-- GIVEN INFORMATION follows --

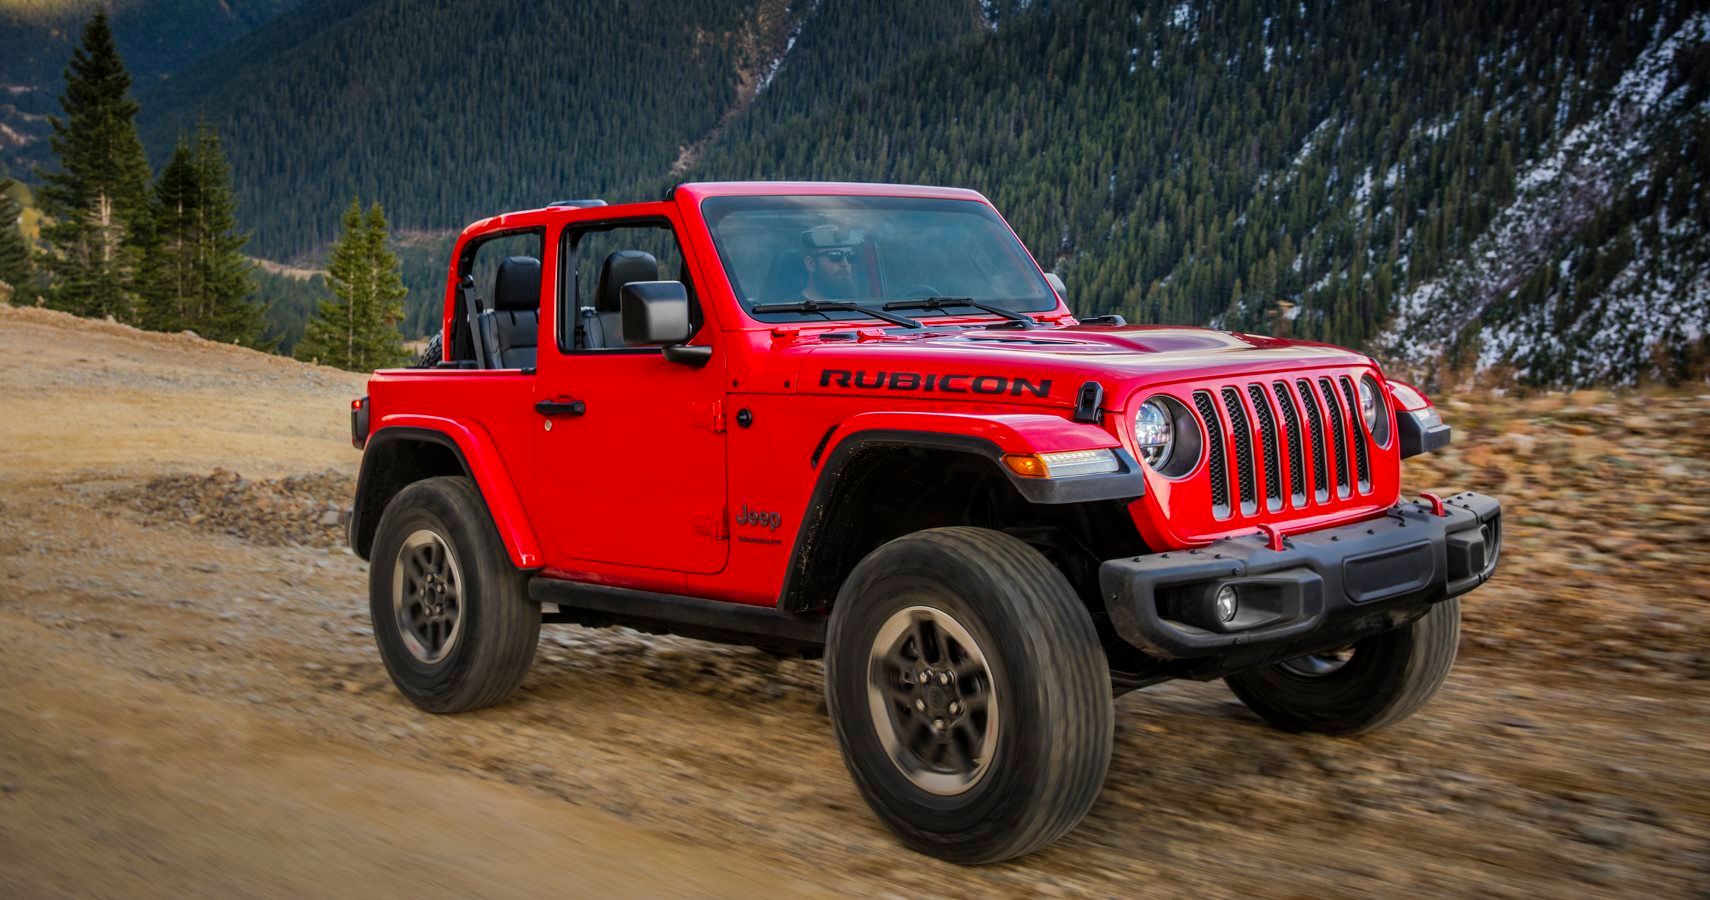 2020 Order Guide For Jeep Wrangler Reveals Big Changes On The Way
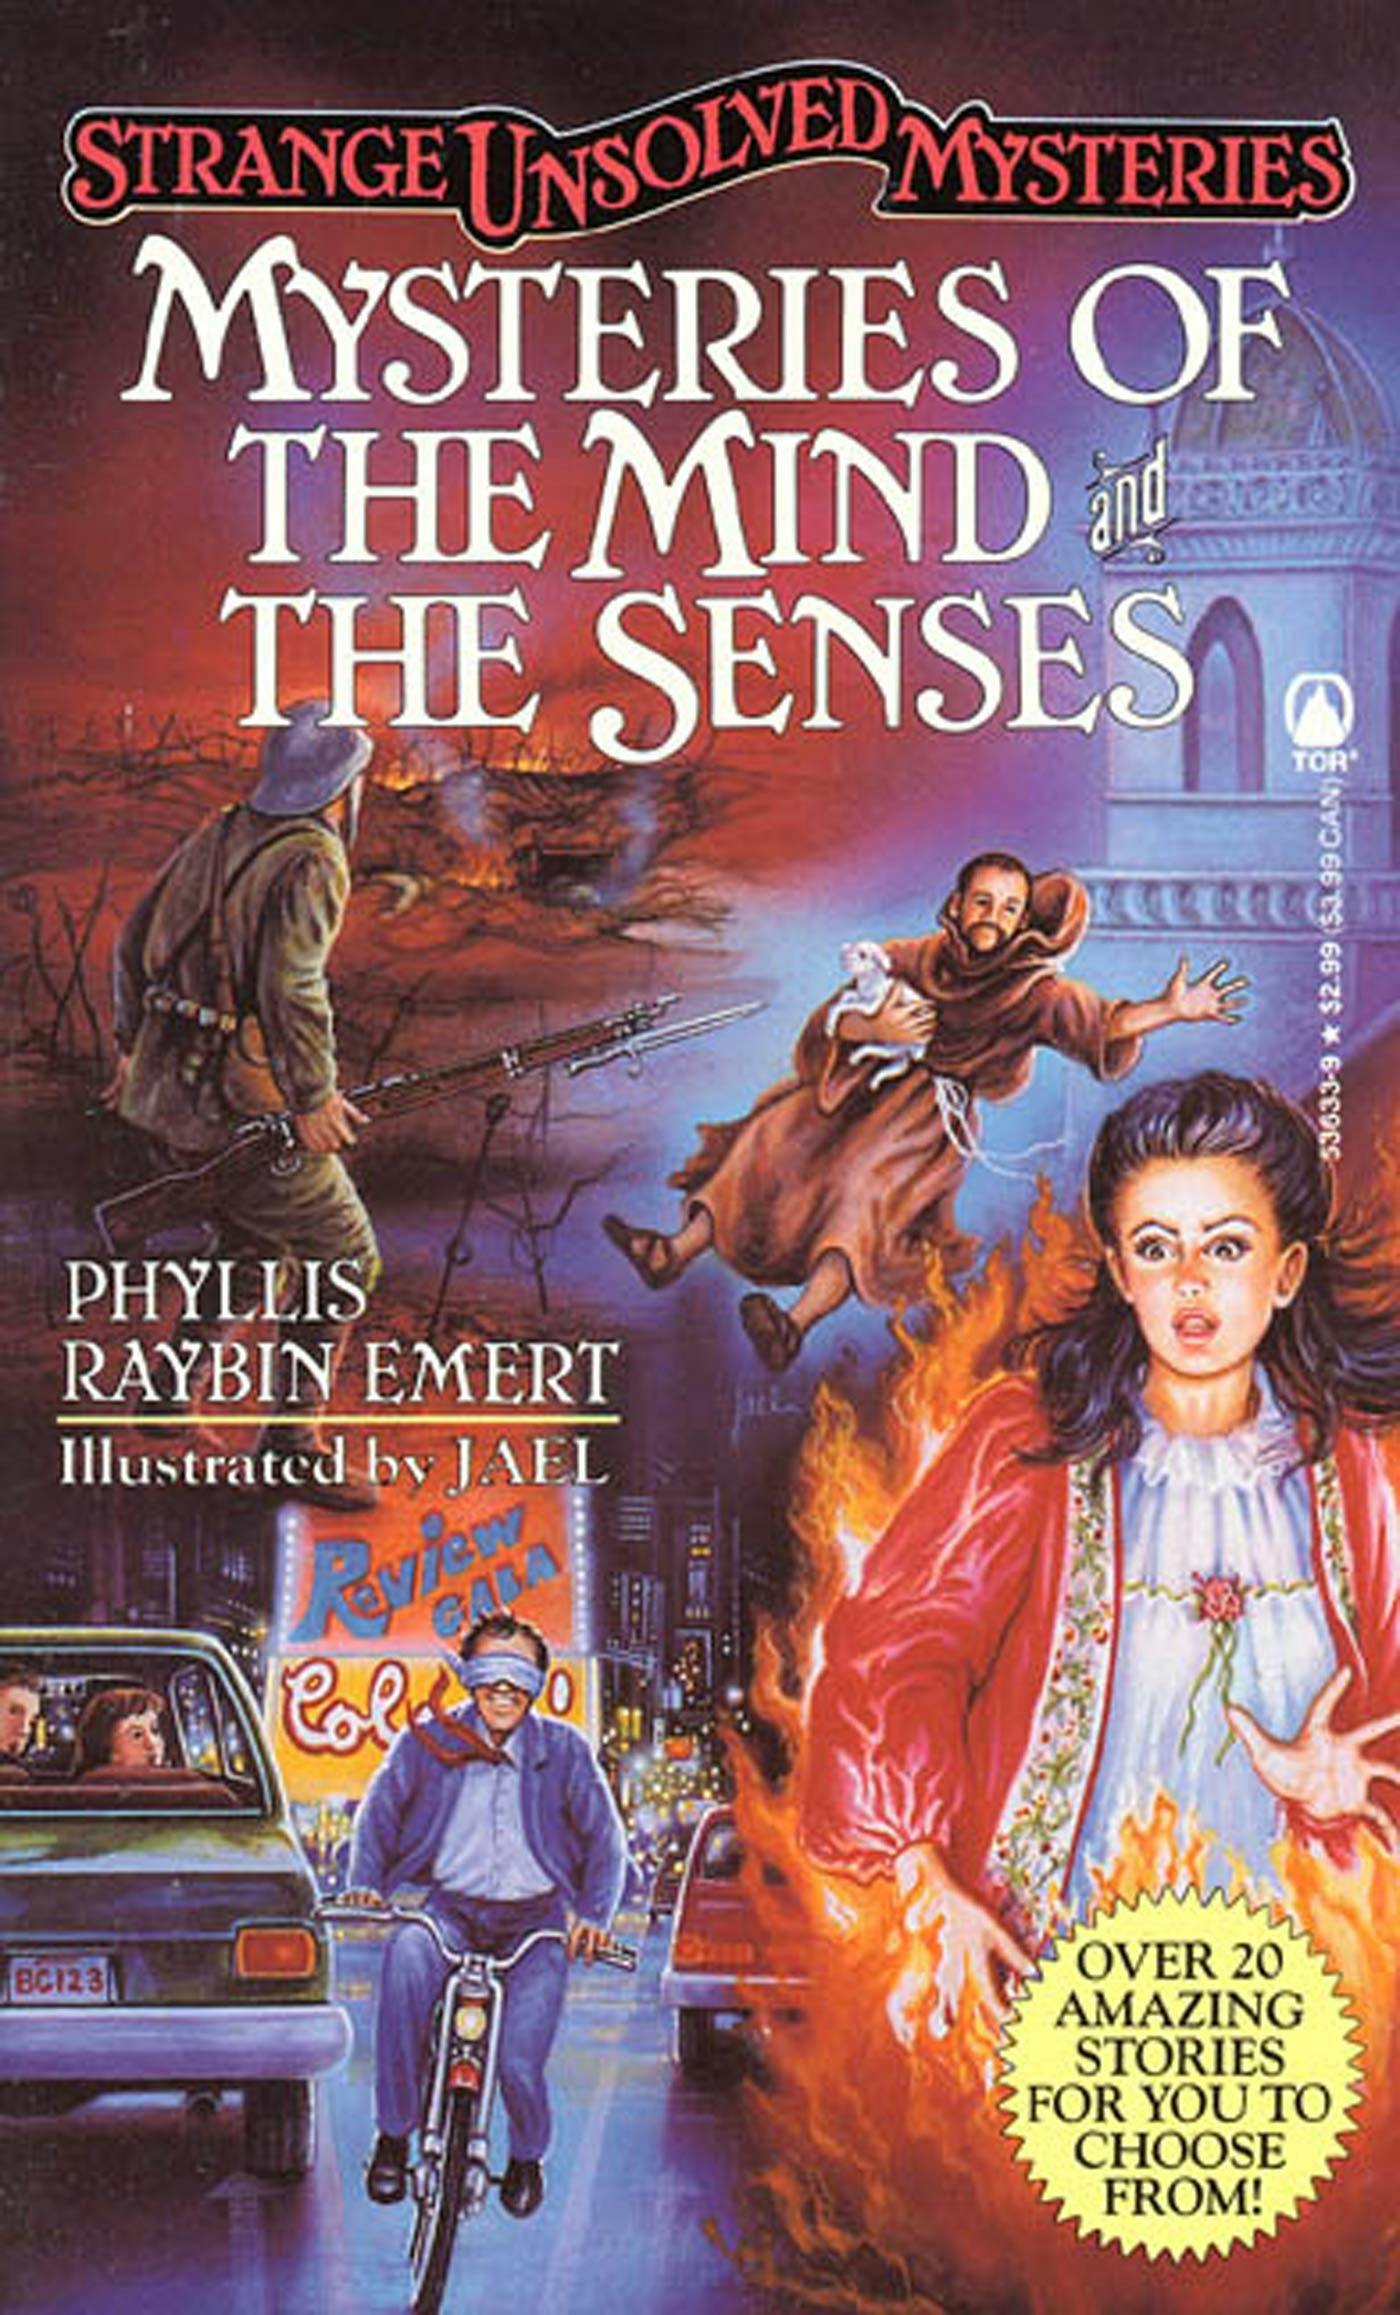 Cover for the book titled as: Mysteries of the Mind and Senses
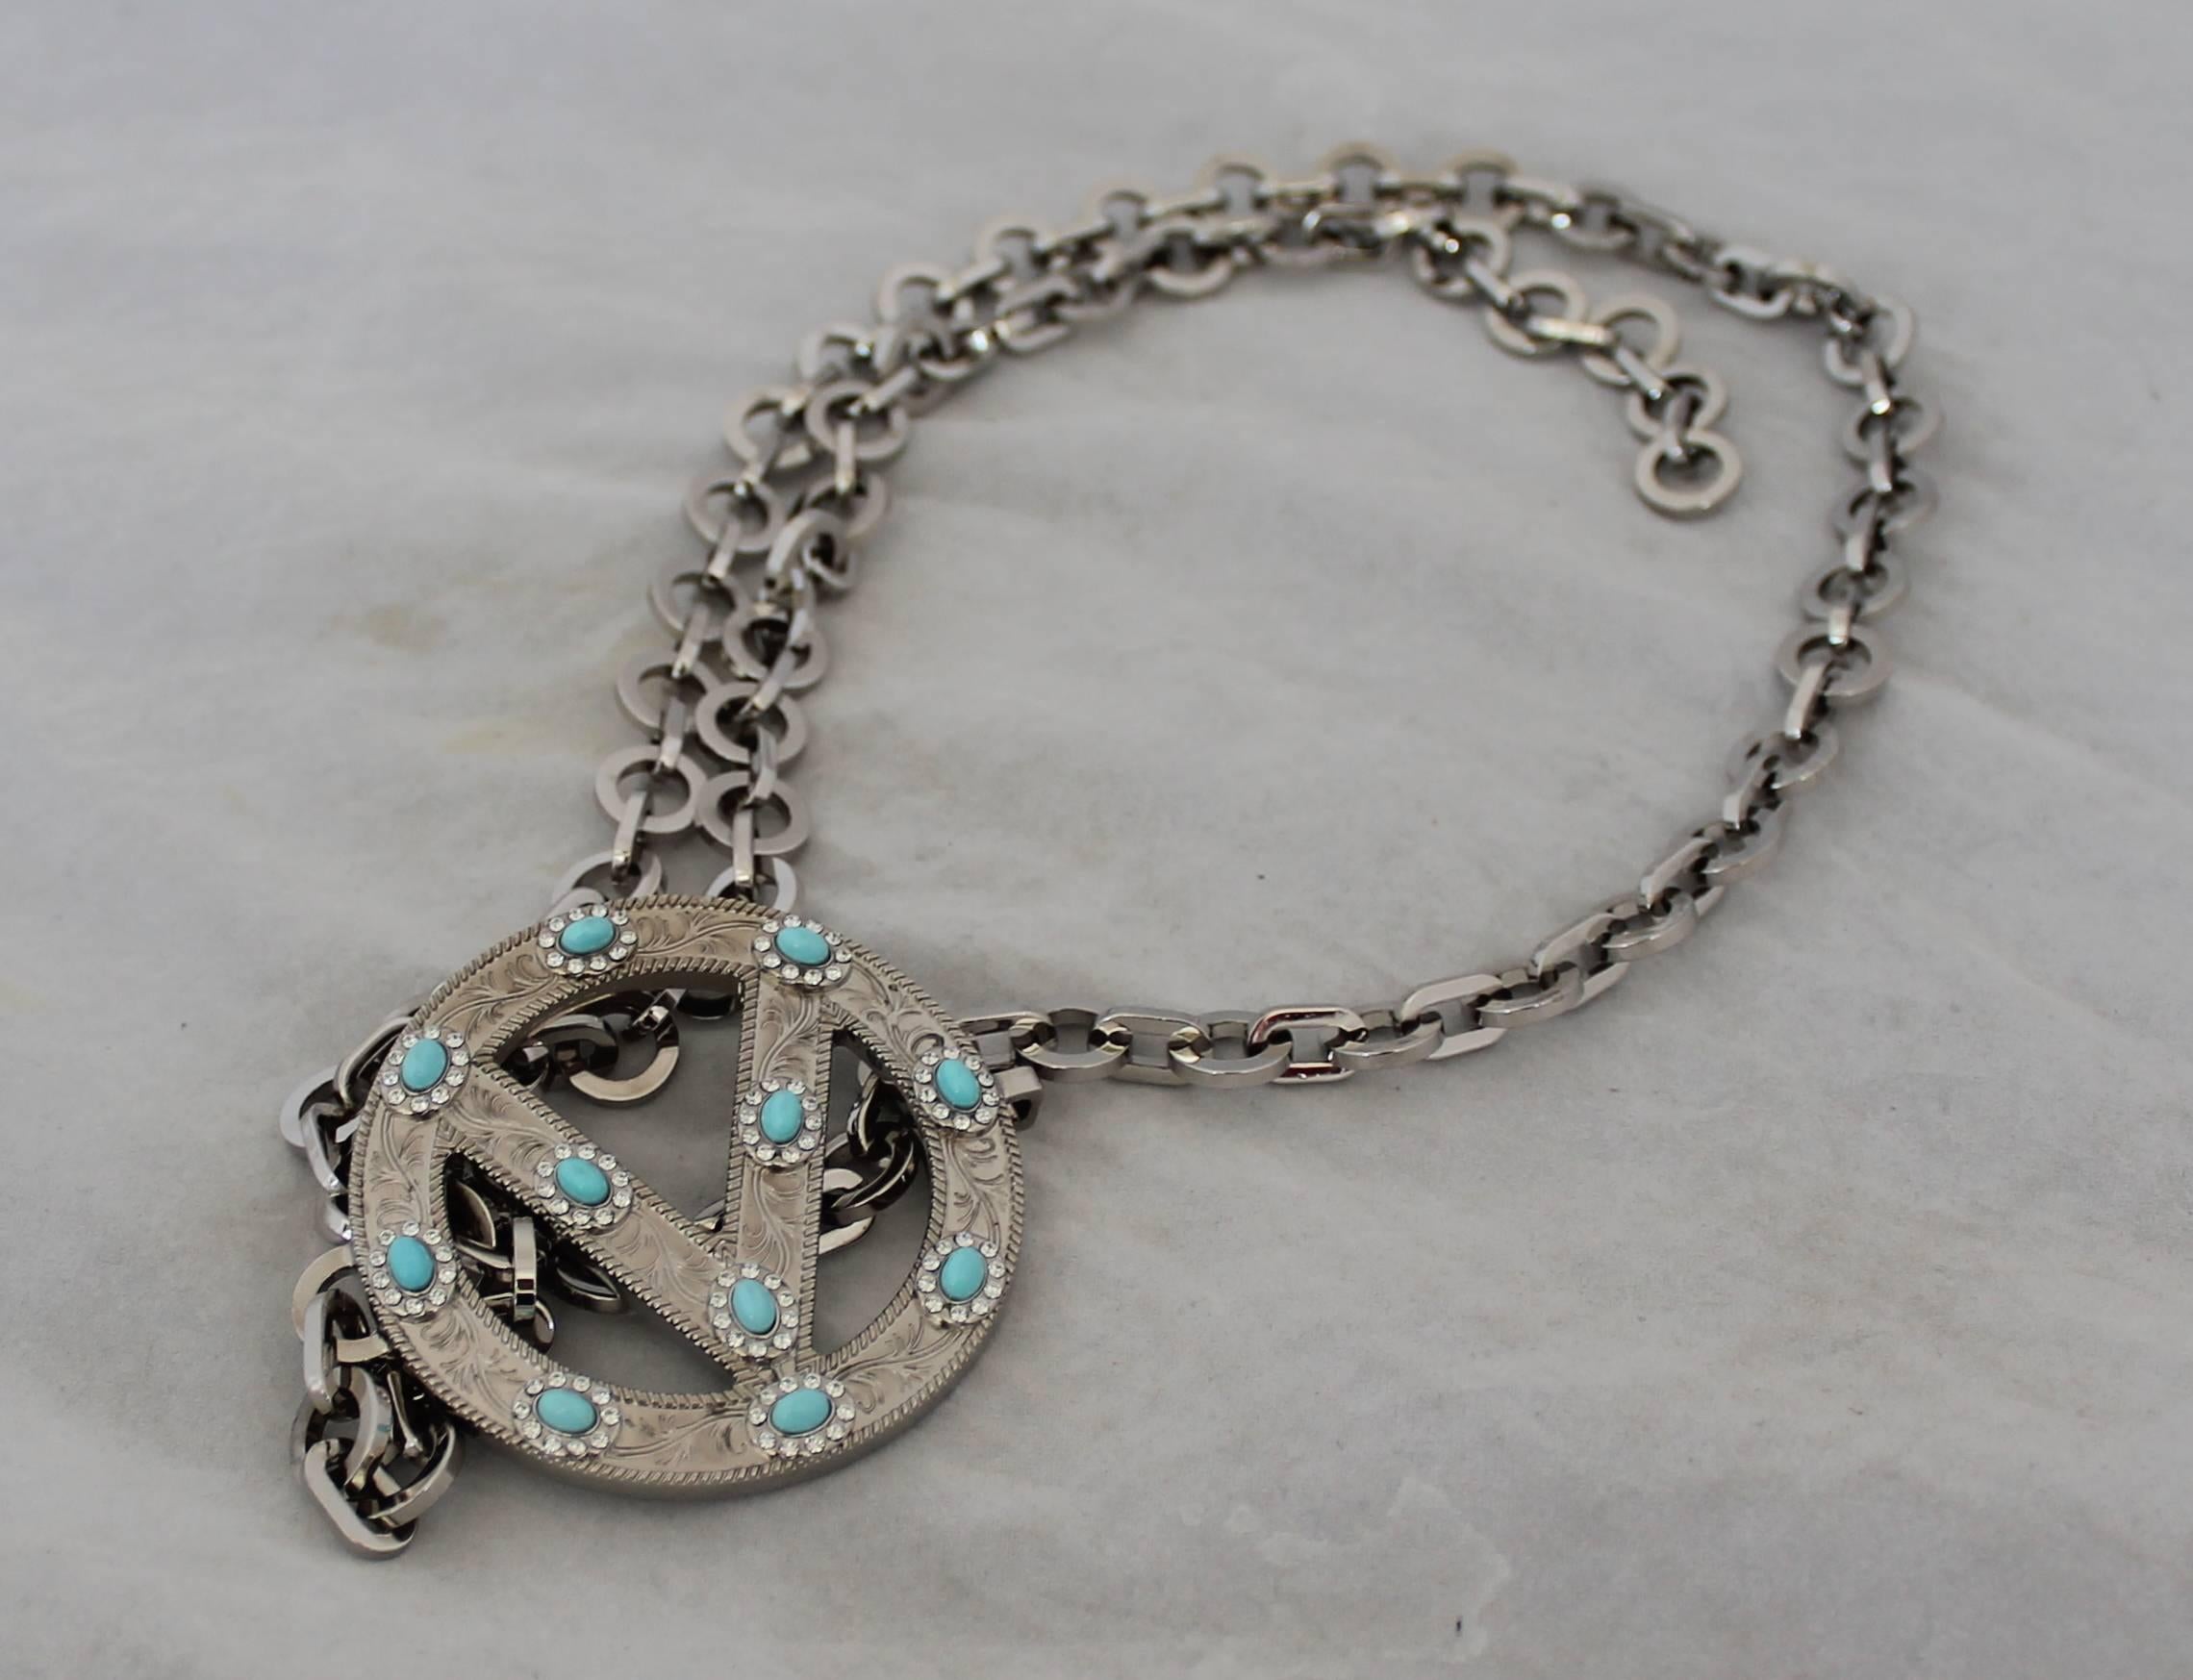 Valentino Thin Silver Single Chain Belt w/ Logo Buckle This belt is in excellent condition. It has an etched design w/ turquoise and rhinestones.

Measurements:
Buckle:
Length: 2.5

-- GIVEN INFORMATION concluded --

_EXERCISE DESCRIPTION_
Above are the records; transcribe them exactly without the pictures.

_RESULT OF THE TASK_
 2020 Order Guide For Jeep Wrangler Reveals Big Changes On The Way
 Cover for the book titled as: Mysteries of the Mind and Senses
 Valentino Thin Silver Single Chain Belt w/ Logo Buckle This belt is in excellent condition. It has an etched design w/ turquoise and rhinestones.

Measurements:
Buckle:
Length: 2.5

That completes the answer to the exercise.